Carnegie Mellon University faces a $7.8 million deficit in next year's $700 million-plus operating budget but the school's overall financial outlook is strong, leaders told several hundred employees yesterday.
President Jared Cohon, the school's provost Mark Kamlet and Chief Financial Officer Deborah Moon addressed a gathering in the school's University Center, days after it was disclosed that the 105-year-old institution had imposed cost-cutting moves that include smaller raises for its 3,500 employees and a pay freeze for top leaders.
Carnegie Mellon expects $713 million in revenues for the fiscal year starting July 1 but almost $721 million in expenses, Moon said. That is separate from an internal $10.5 million loan made to ramp up advance operations for the upcoming capital campaign.
As they did last week, university officials cited short-term cost pressures like rising utility prices and interest debt. They alluded to a stock market-driven, $100 million drop in the endowment back in 2003 that has reversed itself but, nevertheless, means income available for campus operations will be $6 million less this coming year.
And they said the school's 3.26 percent tuition increase was the smallest in 25 years.
Even so, Carnegie Mellon's assets should grow in value by $62 million, officials said. The operating budget is projected to balance a year from now and improve thereafter, Kamlet said.
"We are not in financial crisis," Moon said.
"What this is all about is positioning the university for even greater things," Cohon said. "I feel very good about our prospects."
Cohon said a bigger problem is a campus endowment that is a fraction of those held by its peers. At about $800 million, it covers 5 percent of operations versus up to 45 percent in the Ivy League.
Carnegie Mellon has $304 million in bond debt, compared with $180 million a decade ago, and has the go-ahead from trustees to seek an undisclosed amount of new debt for construction, officials said.
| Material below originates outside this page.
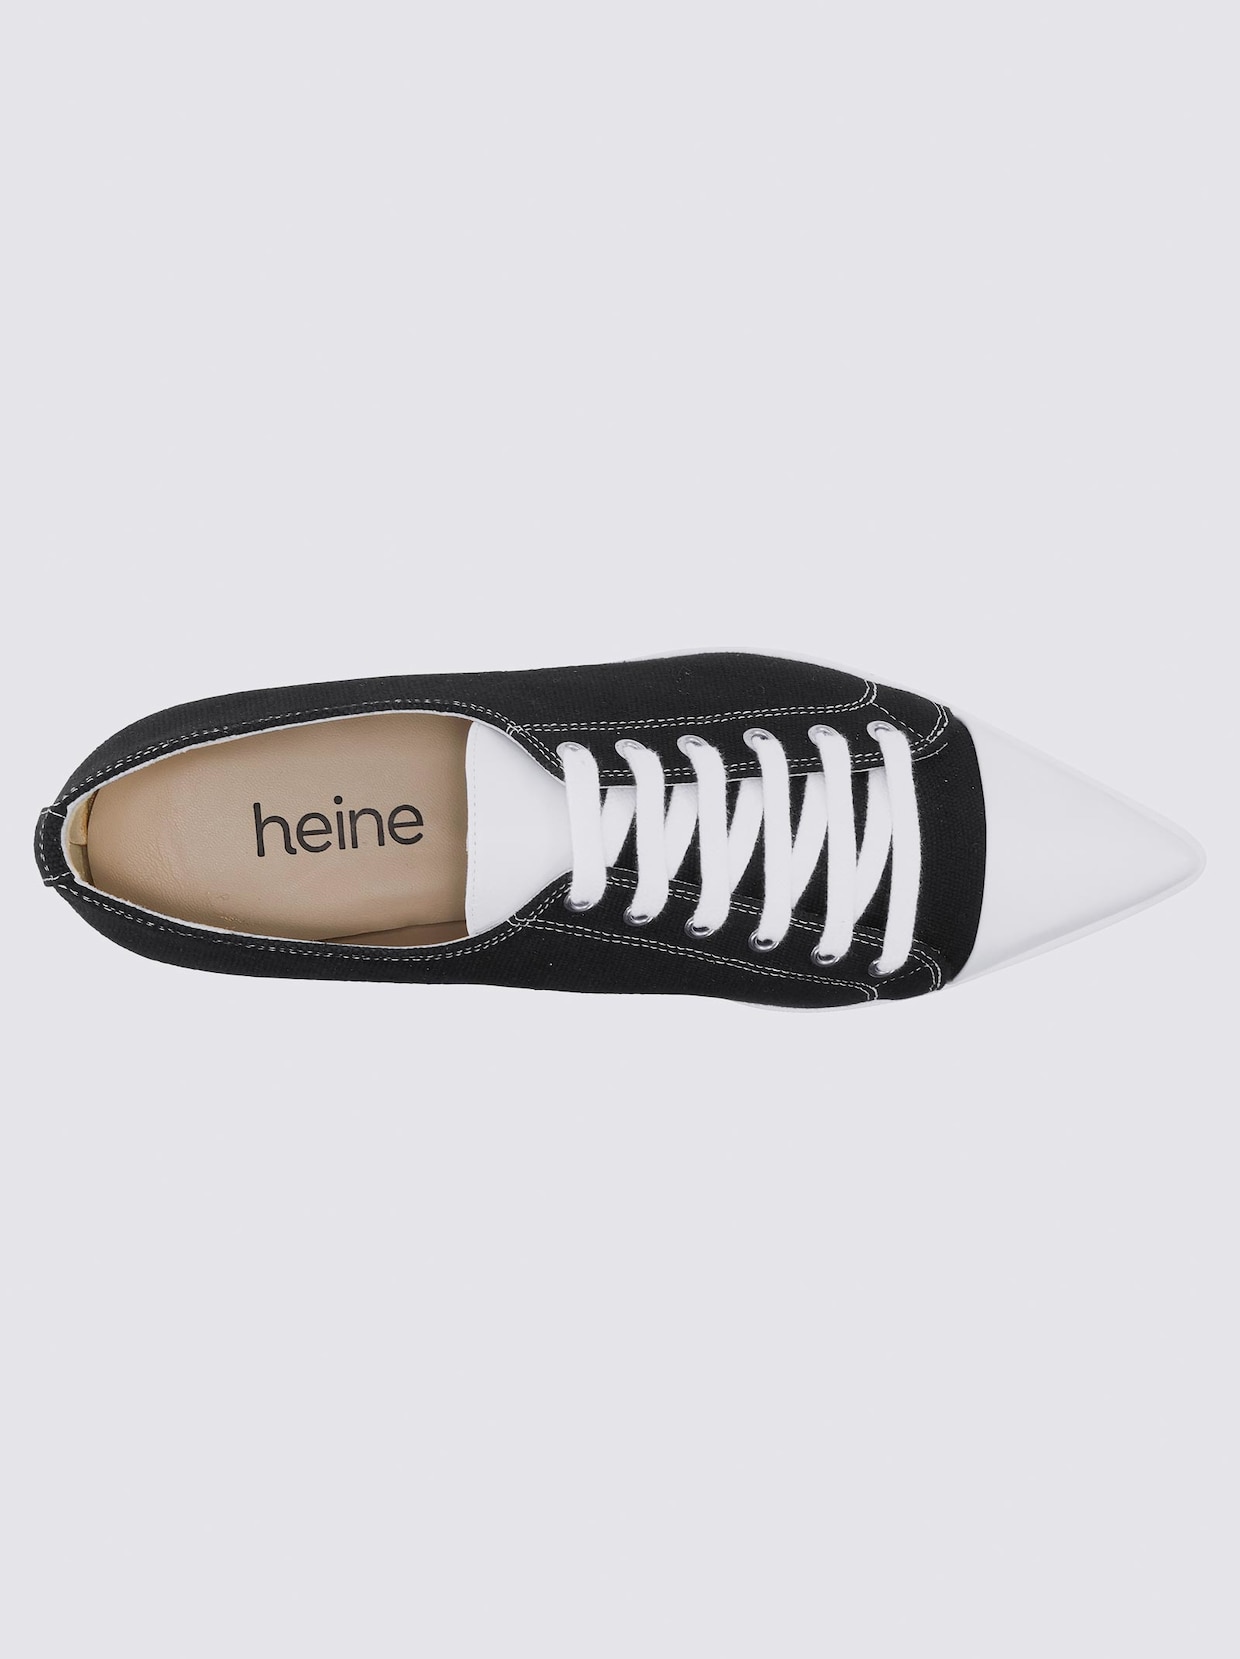 heine Sneaker - schwarz-weiß

Cohon said the school has adequate debt reserves to cover that.
Faculty and staff leaving the one-hour meeting expressed a range of reactions, some saying their questions were addressed and others expressing worry about future cuts.
Assistant philosophy professor Alex John London, working elsewhere on campus, said colleagues he hears from view the current fiscal situation as "a strategic issue that needs to be resolved" rather than something more ominous. Still, he wonders what is being done to transform graduates leaving campus into future donors.
"Carnegie Mellon needs to do a better job of [instilling] into these students a sense of allegiance and a sense of community," he said.